ROBERT C. KOEHLER
For release 2/16/06
THE NADER EFFECT
By Robert C. Koehler
Tribune Media Services
Two ghosts stalk the national Democratic Party in its pitiful, 21st century incarnation. One is George McGovern, who taught them that only Republican values matter in a national election. The other is Ralph Nader, who taught them who the real enemy is.
The present hamstrung state of the party is the result of its abject fear of these ghosts, which has given it a permanent moral stammer. A party that doesn't believe in itself is doomed to lose over and over, even if it represents the majority of the people and even - as Al Gore demonstrated in 2000 - when it gets the most votes.
While the ghost of McGovern, who was mauled by Richard Nixon in 1972, is the most deeply ingrained and enfeebling, seeming to guarantee uncritical Democratic support ("we love America, honest") for every cynical Republican military or civil-liberties outrage concocted in the name of national security, the ghost of Nader is the most life-threatening. Its effect is emetic, causing an immediate discharge of rationality among the party faithful at every hint of a challenge from the party's values base. The Nader Effect causes Democrats to upchuck the very medicine that will save it.
I managed to trigger a minor emetic episode last week, in a column about a pro-peace, pro-labor progressive named Bill Scheurer, whose credible campaign for Congress in Illinois' 8th District should be, I thought, a ray of hope for every opponent of the Bush assault on our democracy. Without Scheurer's presence, voters in the district will have a choice between two Republicans, one of whom, incumbent Melissa Bean, is disguised as a Democrat.
Over on HuffingtonPost (www.huffingtonpost.com), where the column landed, someone (code name "dapper") set off a debate by lambasting me for failing to demonstrate the absence of a "Nader factor" in the race. That is, did Scheurer, who hoped to get on the ballot as an independent, really have a chance to win, or was he merely a manifestation of the Democrats' worst nightmare, the spoiler?
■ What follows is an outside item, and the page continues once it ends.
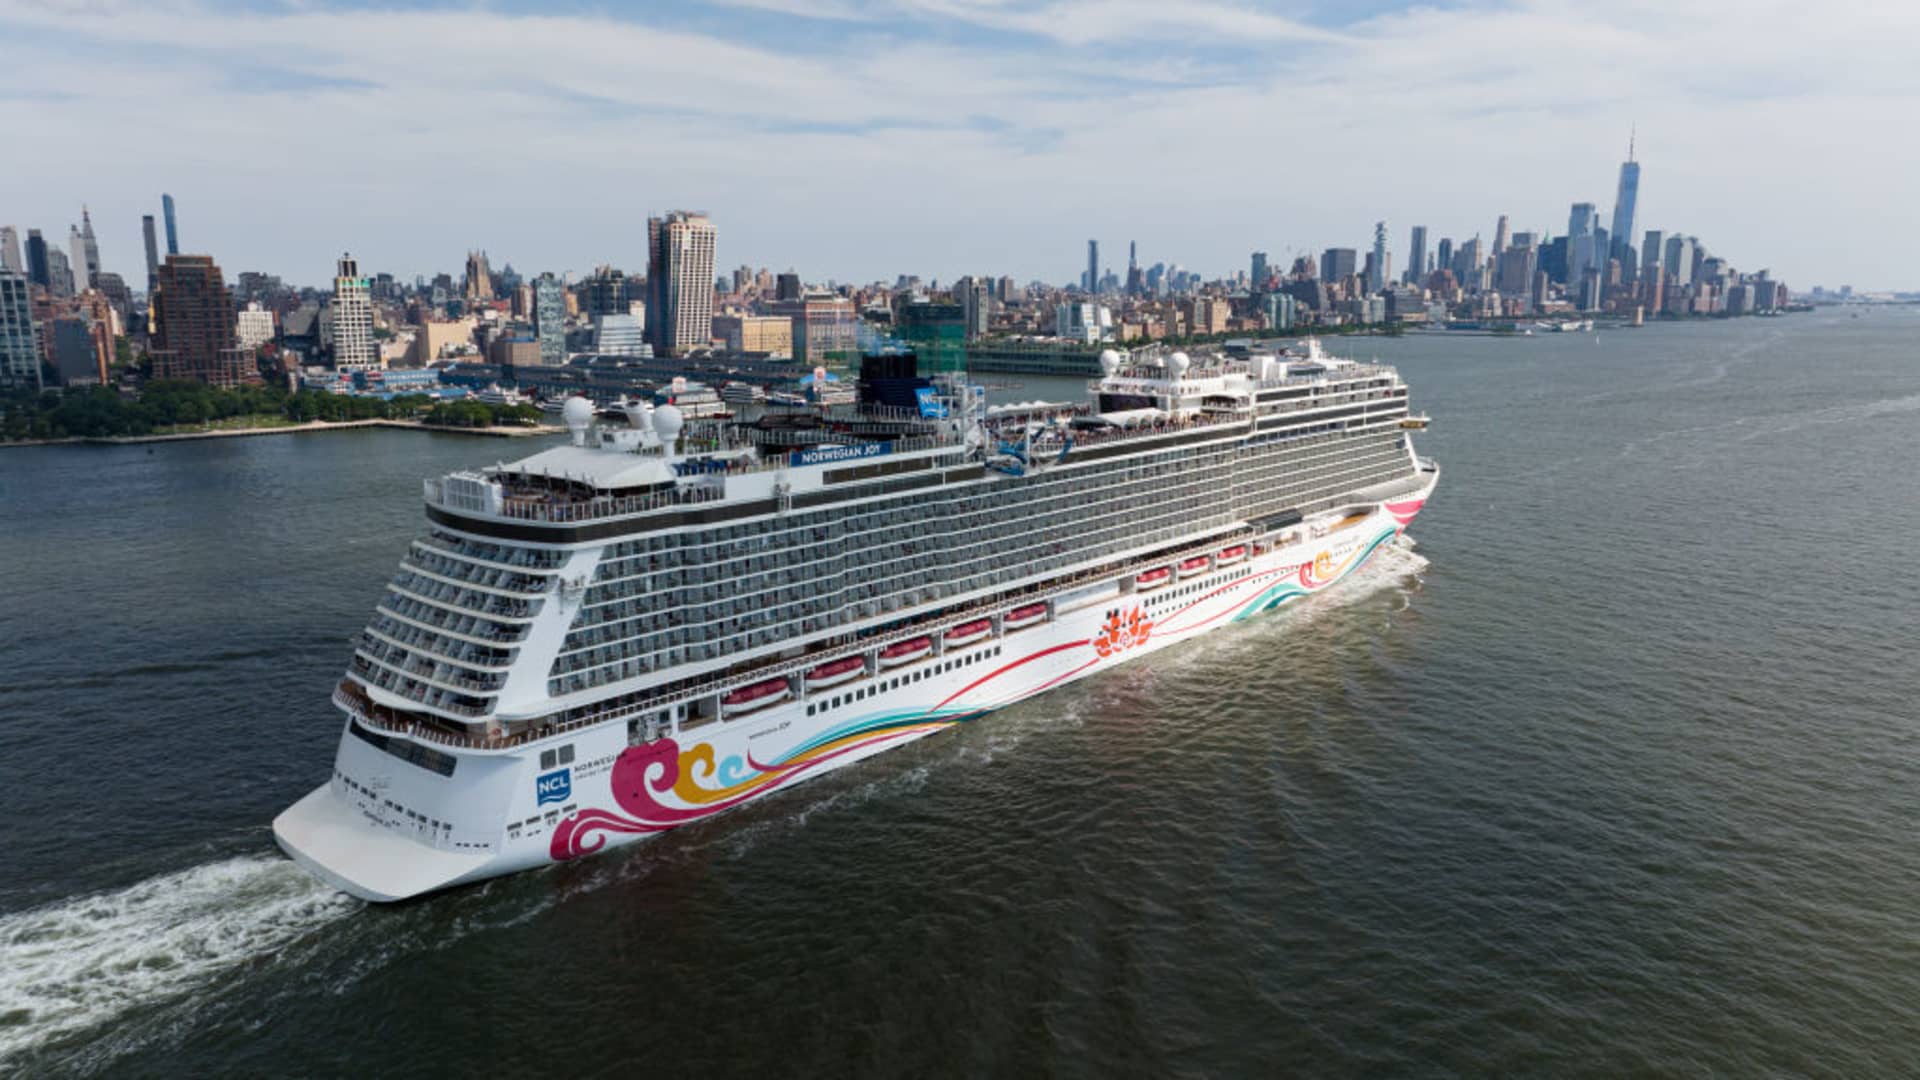 Shares of cruise lines are rising after the CDC terminates the Covid-19 program

Absent proof this wasn't the case, "you should . . . keep your trap shut," he wrote, and vowed to research the matter himself. If he found evidence of a Nader factor, "I am going to come down on you like a ton of bricks" - whatever that might mean.
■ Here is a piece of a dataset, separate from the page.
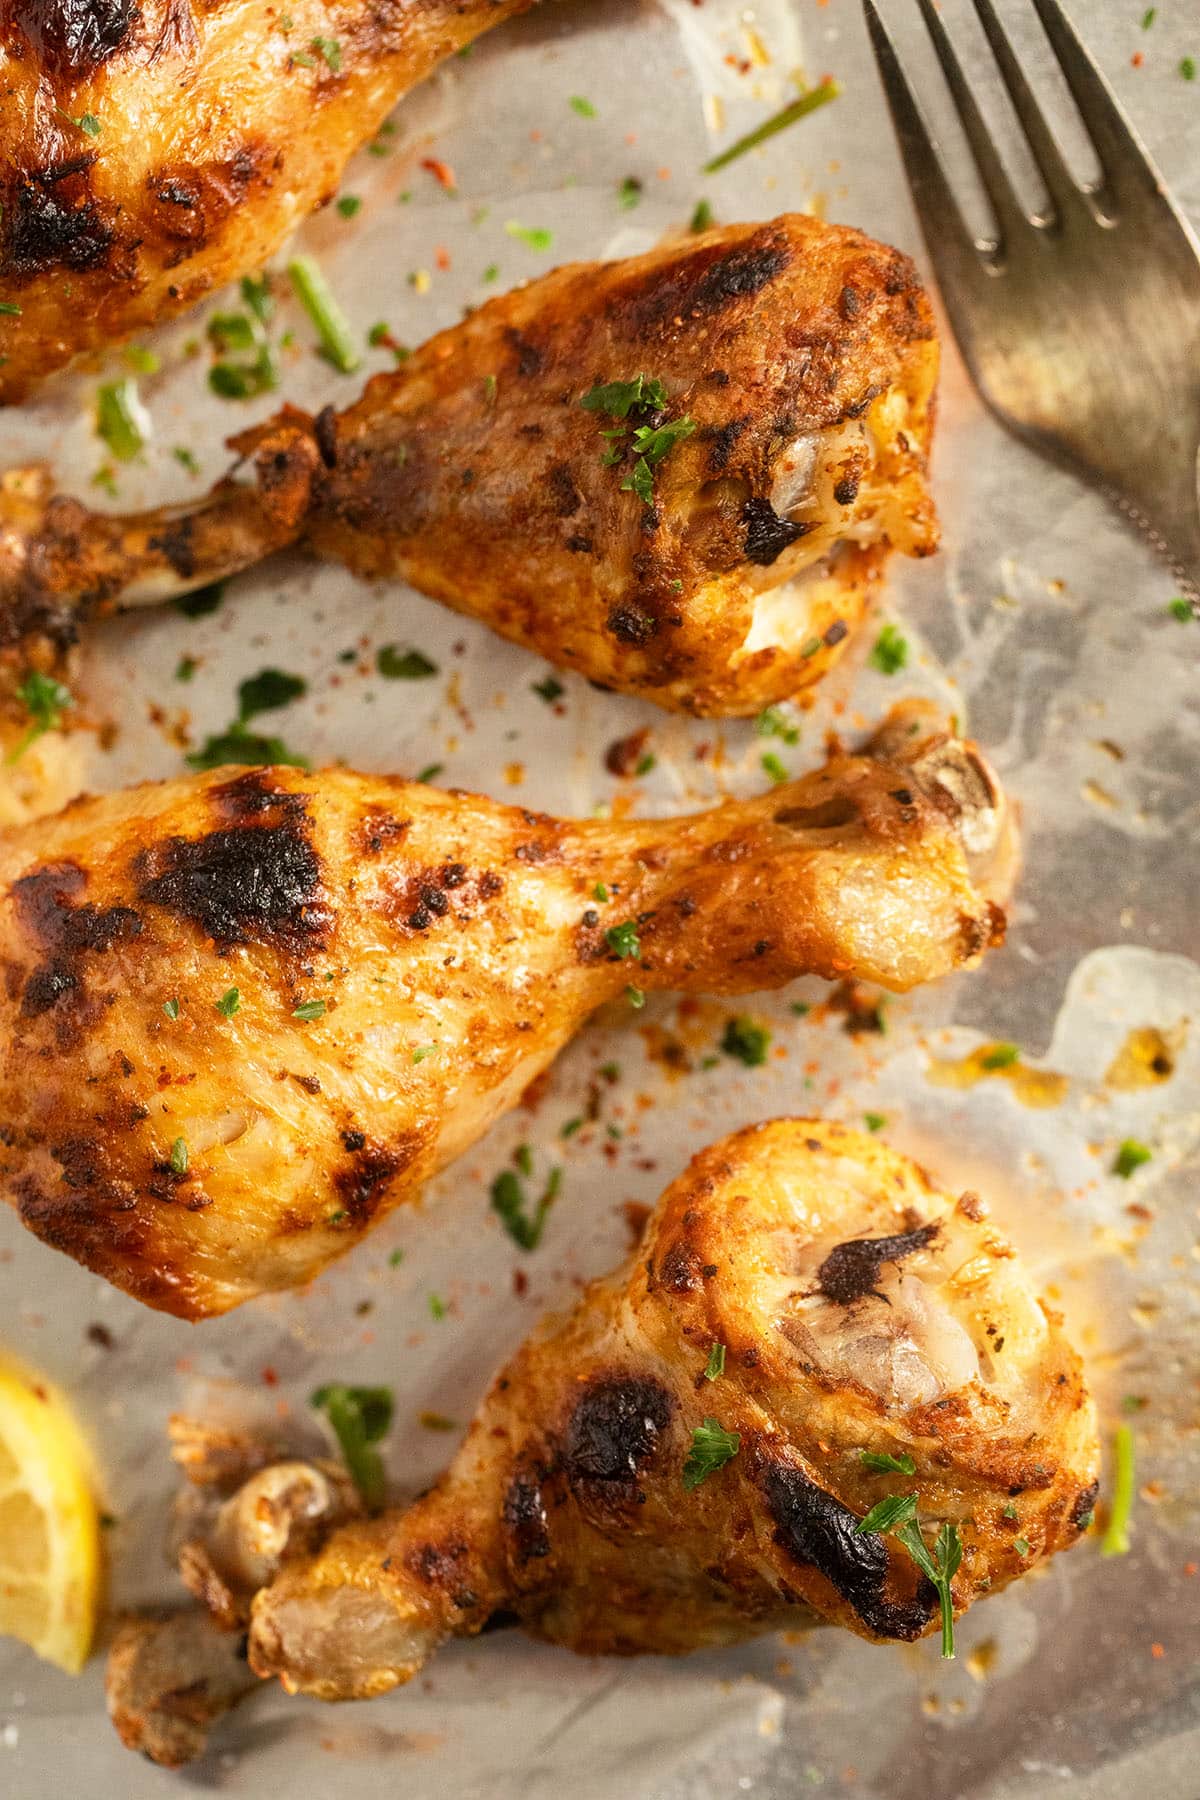 golden chicken legs with charred marks and a silver fork close up.

In other online discussions of this race, both before and after I wrote my column, I found further examples of paranoid "pre-defeat" among the Dems. One writer on the Daily Kos site, for instance, worried that any progressive candidate who might supplant Bean in the primary (let alone challenge her in the general election) would get "poleaxed" - lovely word - by the Republican.
As someone who voted for Ralph Nader in 2000, and has been defending my right to have done so ever since, I think it's time to have it out about this preposterous state of affairs. It has turned mainstream Democrats into ballot bullies, convinced that their party's future can only be secured by denying voters legitimate choice at the polling place. Indeed, this is the only fight they seem to wage with any animation.
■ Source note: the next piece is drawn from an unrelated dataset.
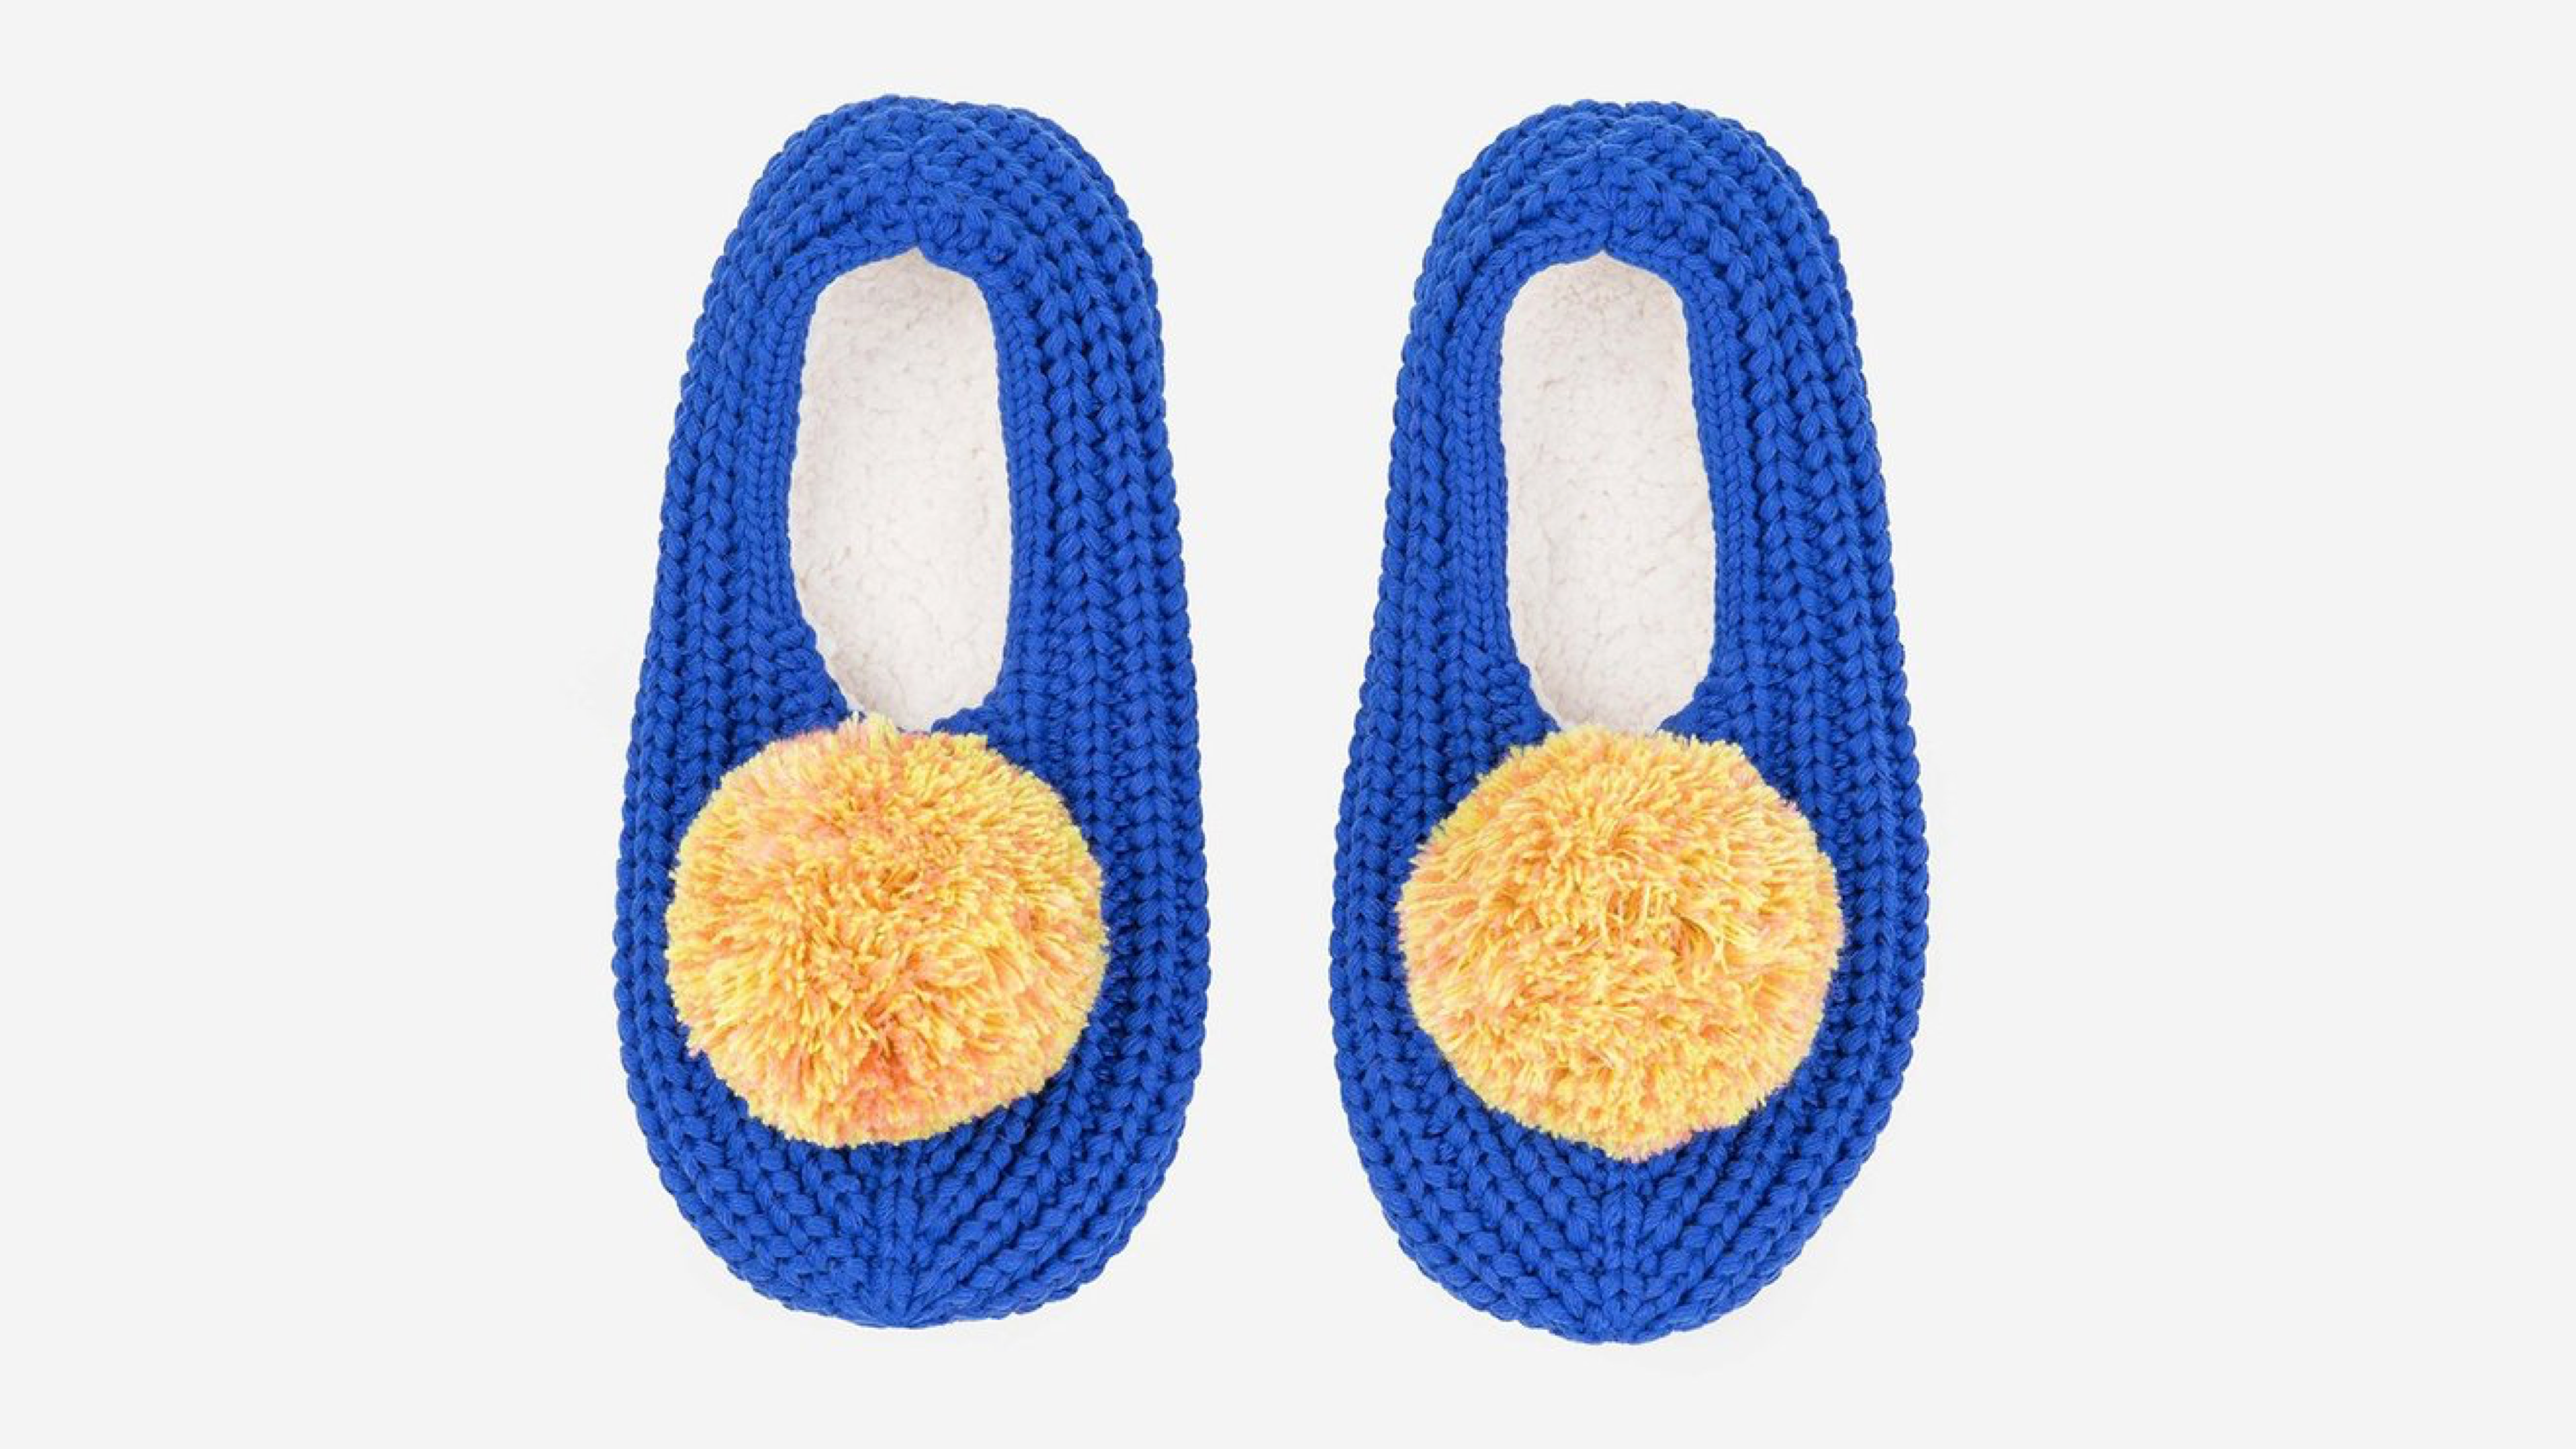 cobalt blue slippers with yellow pom poms on the them

In 2004, John Kerry cravenly conceded to Bush while the enormous irregularities in the Ohio vote were being contested by the Greens and Libertarians, and said not a word about the disenfranchisement of untold numbers of would-be (mostly Democratic) voters nationwide that probably cost him the election. Yet he managed to wage a vicious, resource-wasting campaign of harassment to keep Nader, and his message, off the ballot in as many states as possible. It's the only fight Kerry won.
The myth that Nader cost Gore the 2000 election remains a virulent component of what passes for conventional wisdom among mainstream Dems. This is an outrageous simplification of what really happened. First of all, there's no moral ground for claiming that Nader took any votes away from the stumbling, pandering Gore, who, like Kerry four years later, campaigned as though the only votes he had to "earn" were Republican votes.